Хотя этот Доминик союзник был страшно ненадёжный. И человек просто отвратительный. Но я всё равно больше верил ему, чем Бенедикту. Сам не мог понять почему, и, уж во всяком случае, не сумел бы внятно объяснить Алексу – волкодаву, конечно, храброму и верному, но недалёкому. Поэтому просто сказал:
– Алекс, иди к солдатам. Иди, проверь, как порох грузят, не напился ли кто пьяным, все ли трофеи отнесли на корабли… ну, или ещё что-нибудь проверь. Иди-иди.
Он ушёл. Оглядывался несколько раз, будто поверить своим ушам не мог. А Доминик смотрел на меня и щурился. Тогда я ему сказал, как можно внушительнее, но милостиво:
– Прекрати беситься. Я тебя по делу позвал.
Доминик вцепился рукой во Всезрящее Око на шнурке – всё-таки гадкая привычка у некоторых монахов, по-моему, как будто Божий взор хотят закрыть – и сказал:
– С каких это пор у нас с тобой общие дела, принц?

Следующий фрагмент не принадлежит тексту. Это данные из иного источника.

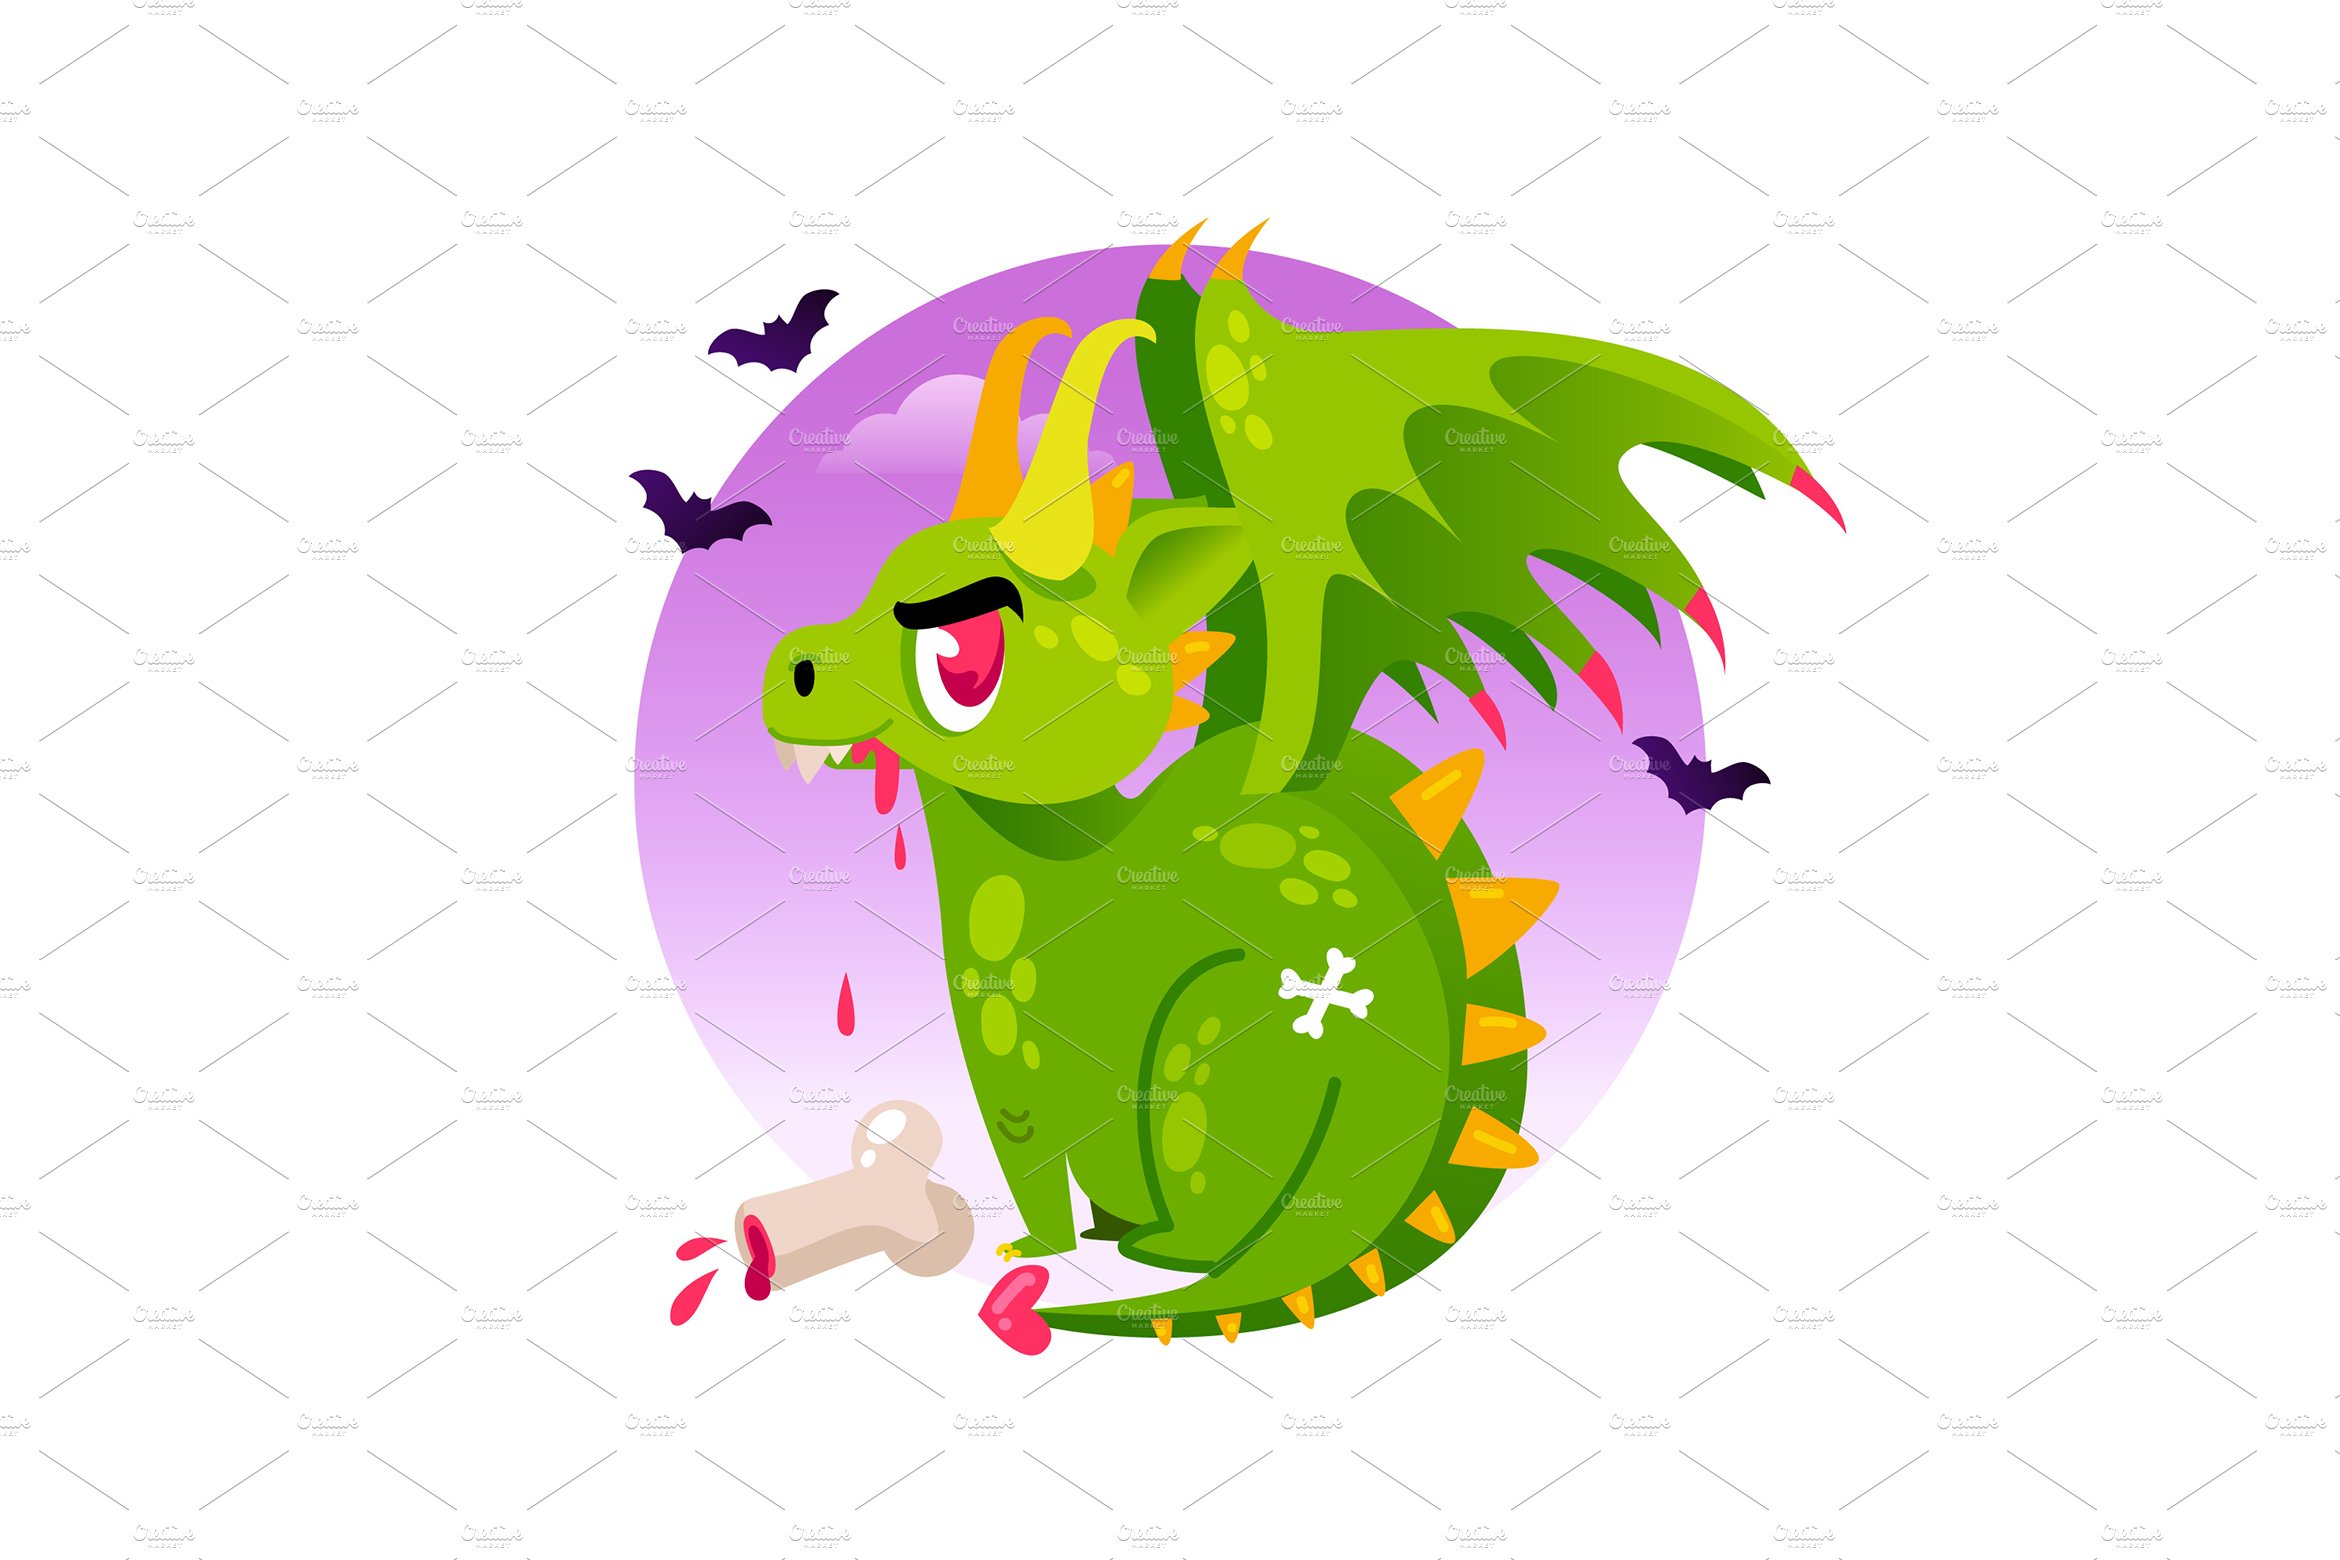 Cartoon Dragon cover image.
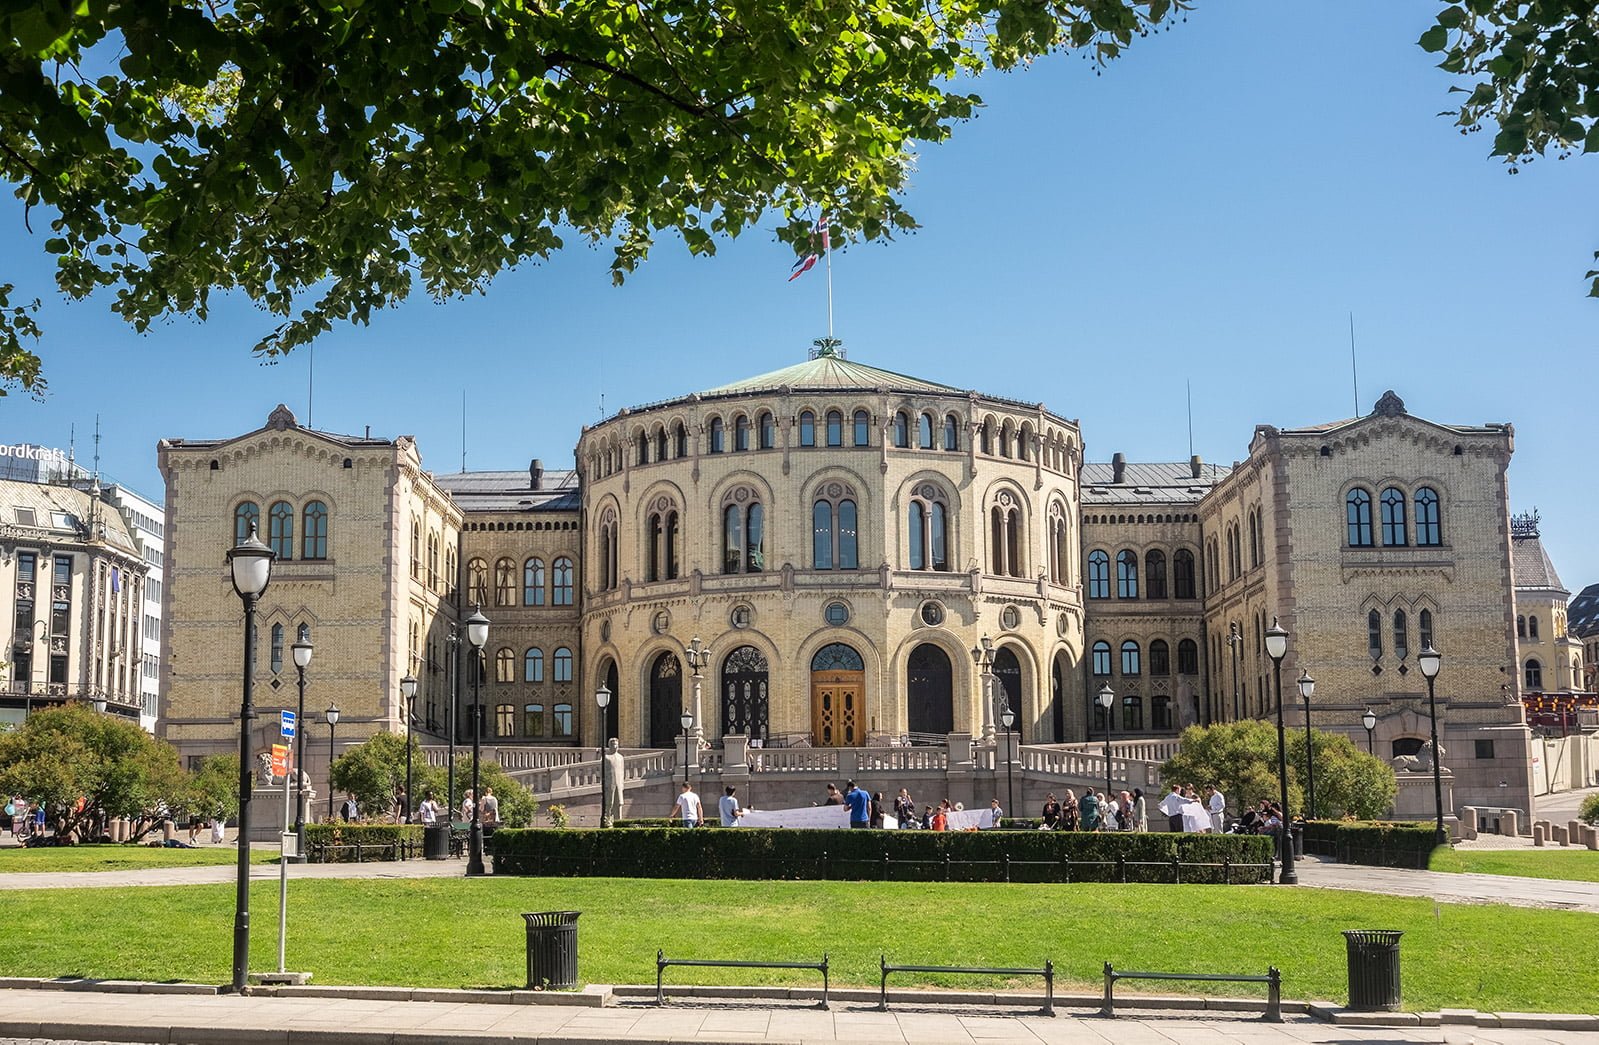 The Norwegian Parliament building in Oslo, Norway

Просто нравится ему меня злить!
– С каких это пор, – говорю, подчёркнуто спокойно, чтобы до него дошло, насколько я выше этих его трепыханий, – ты начал тыкать особам королевской крови?
– Мне наплевать, – говорит. – Я служу Господу, а не тебе. Ну что ты на меня уставился? Что ты сделаешь? Ударишь меня? Убьёшь? Ну, давай, ударь, убей. И что дальше?
Я на него смотрел – и, честно говоря, вправду не понимал, что дальше. Вам это наверняка незнакомо, дамы и господа, – а чувство странное и очень противное: смотришь на жалкого человечишку, так, на какого-то монаха, на скелетик в бледной шкурке, без мускулатуры совершенно, с тощей шеей, с белёсыми лохмами, висящими сосульками, с бесцветными глазами, с жёлто-зелёным синяком на скуле, понимаешь, что он полное ничтожество, что его легко в бараний рог скрутить, что ты сам бы мог скрутить – и почему-то нельзя. Вернее, можно, но это ничего не изменит: всё равно того, что тебе надо, не получишь.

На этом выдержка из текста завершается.